Feel free to e-mail me and we can swap links - renebruun@msn.com


----------



## Tara1 (Apr 5, 2007)

Put all the advice you gave me into the site and added many more photo's since, so if anyone would want to see some of the west of Ireland feel free to take a peek and leave a comment.


----------



## mr e (Apr 6, 2007)

It's a good site, I'm impressed, a few comments though

The gallery doesn't seem very well integrated into the site, would be nice if it were more integrated

Then on Contact, you should really get rid of the W3C HTML 4.01 button, looks really unprofessional and out of place. Then I also don't think you should use the same Contact image as the navigation, looks odd, you should either have a different way of sectioning it off, or just don't section it off and let it flow.

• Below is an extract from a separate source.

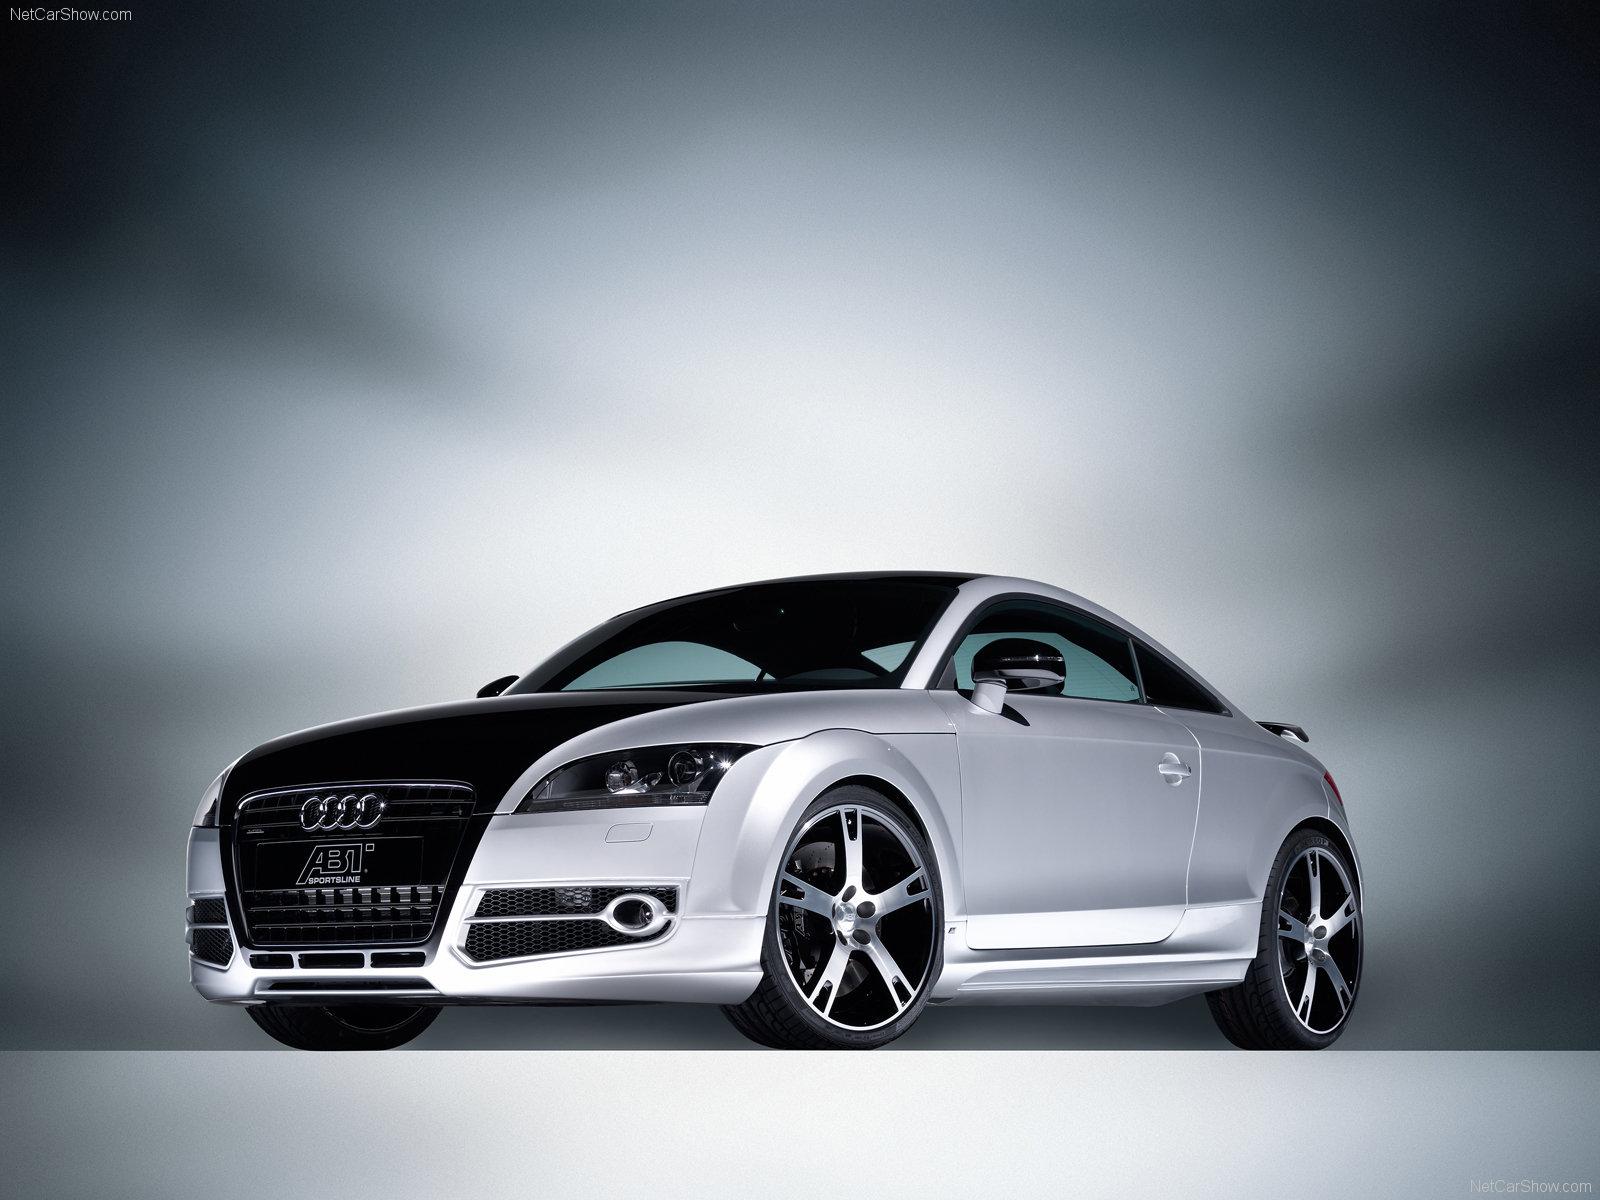 http://4.bp.blogspot.com/-_NudkaA624A/T1Im41F9_qI/AAAAAAAAAcM/Yoxx1XGs2Is/s1600/ABT-Audi_TT-R_2007_1600x1200_wallpaper_01.jpg
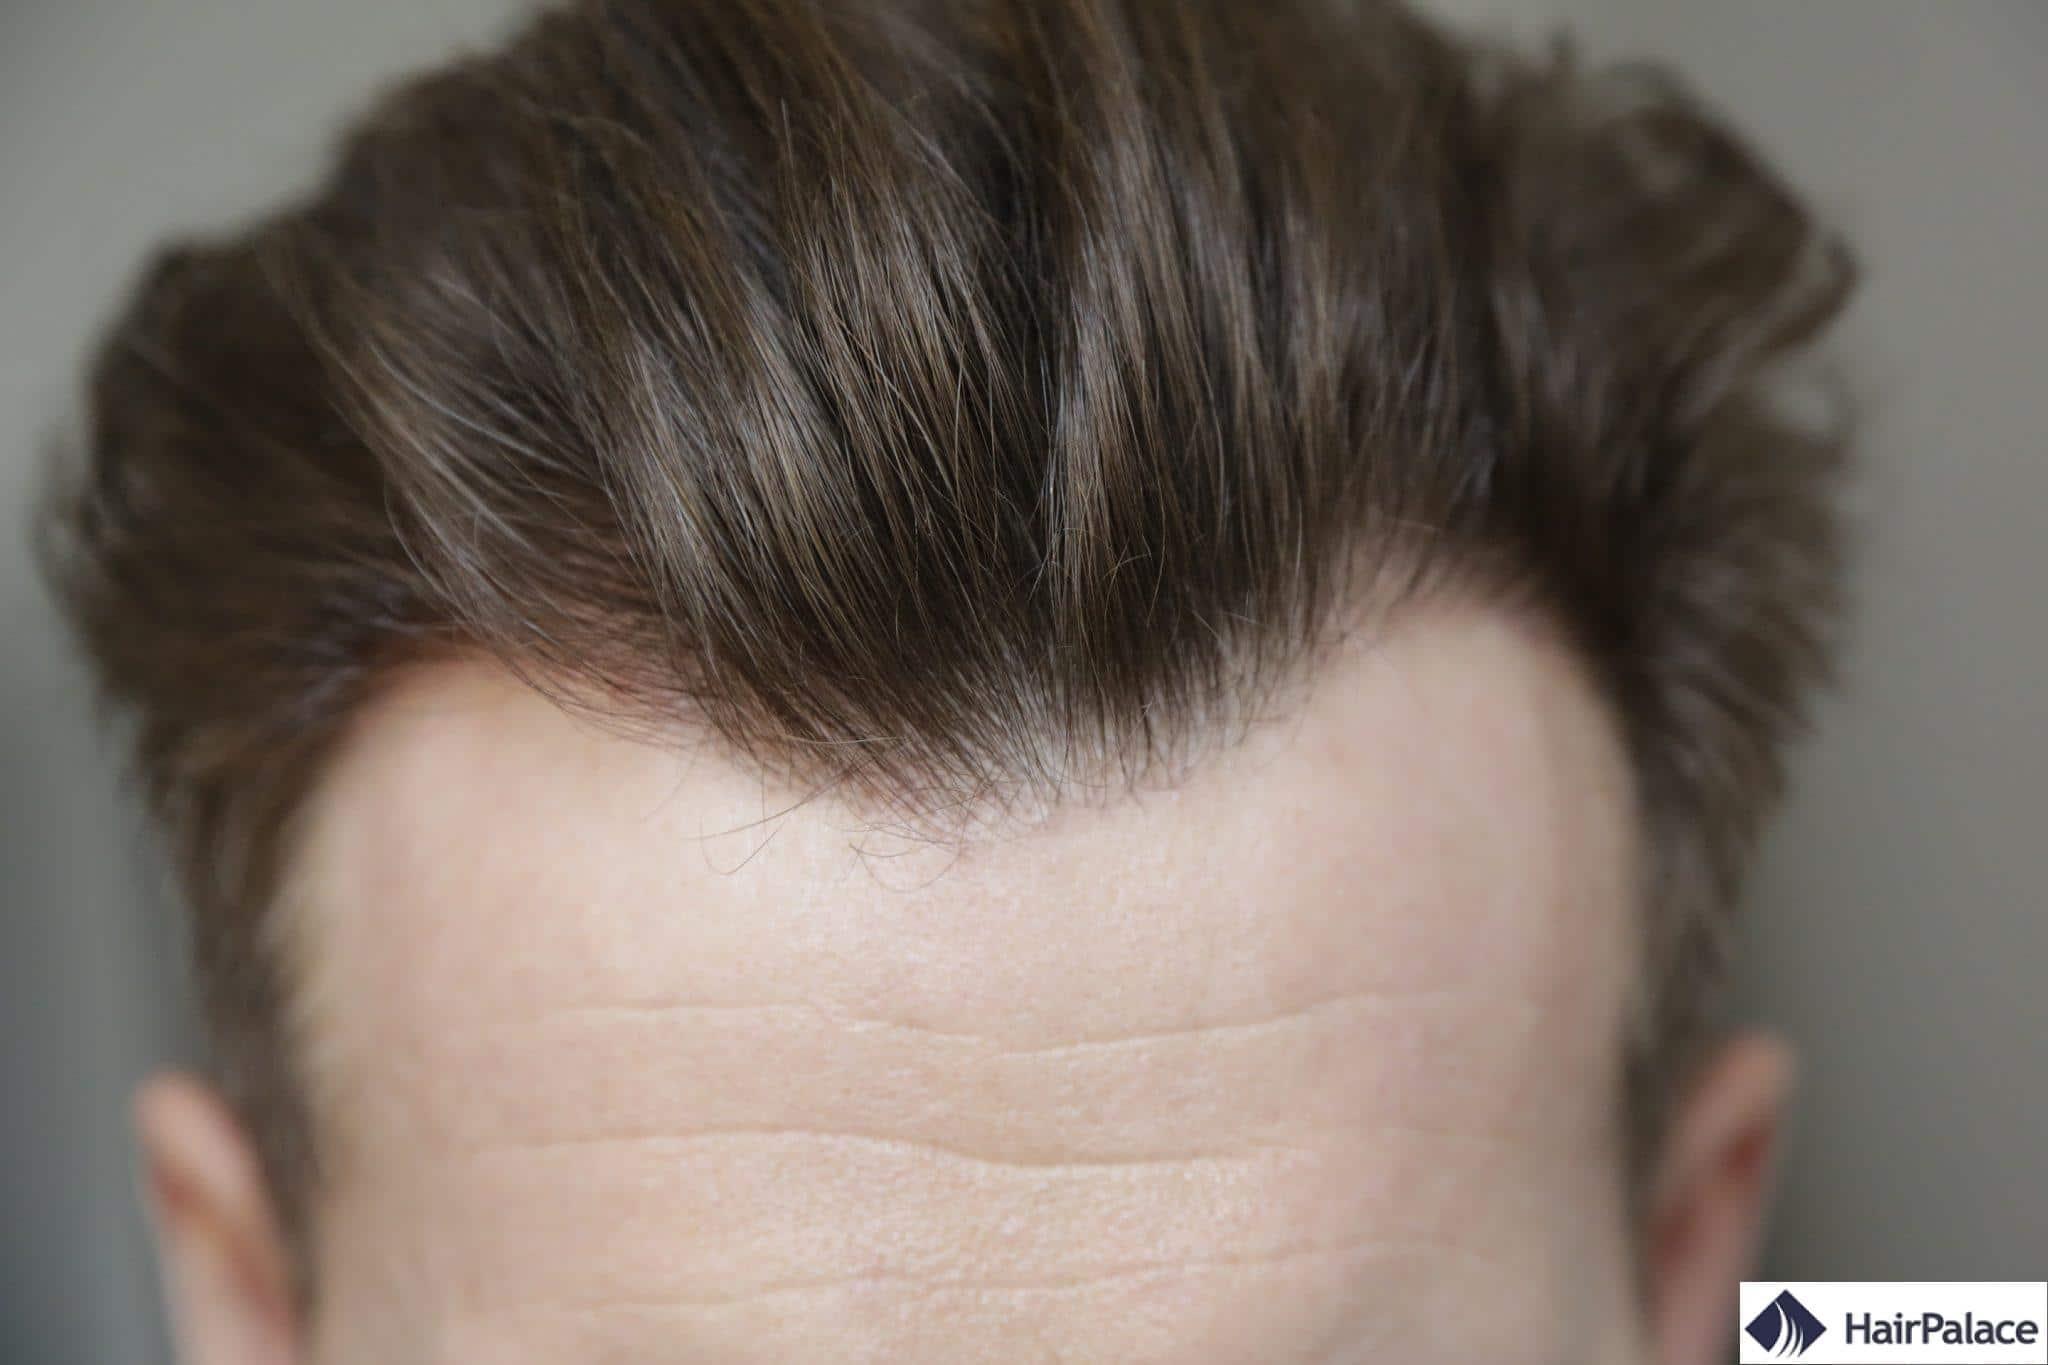 resultat final greffe cheveux fue 1 annee

Unless you are required to keep the Links section, the only purpose it serves is advertising the site designer, and in my opinion has no place on a photography site. If you do have to keep it then I'd say the same thing as the Contact section, in that you should find a different image than the nave to section it off, or just don't section it off at all and let flow also

Looking good though


----------



## Tara1 (Apr 6, 2007)

Thanks Ian points taken.

The Links page is the latest add on but there is around 4 links so far on there and more going on tonight.

Thankyou for having a look


----------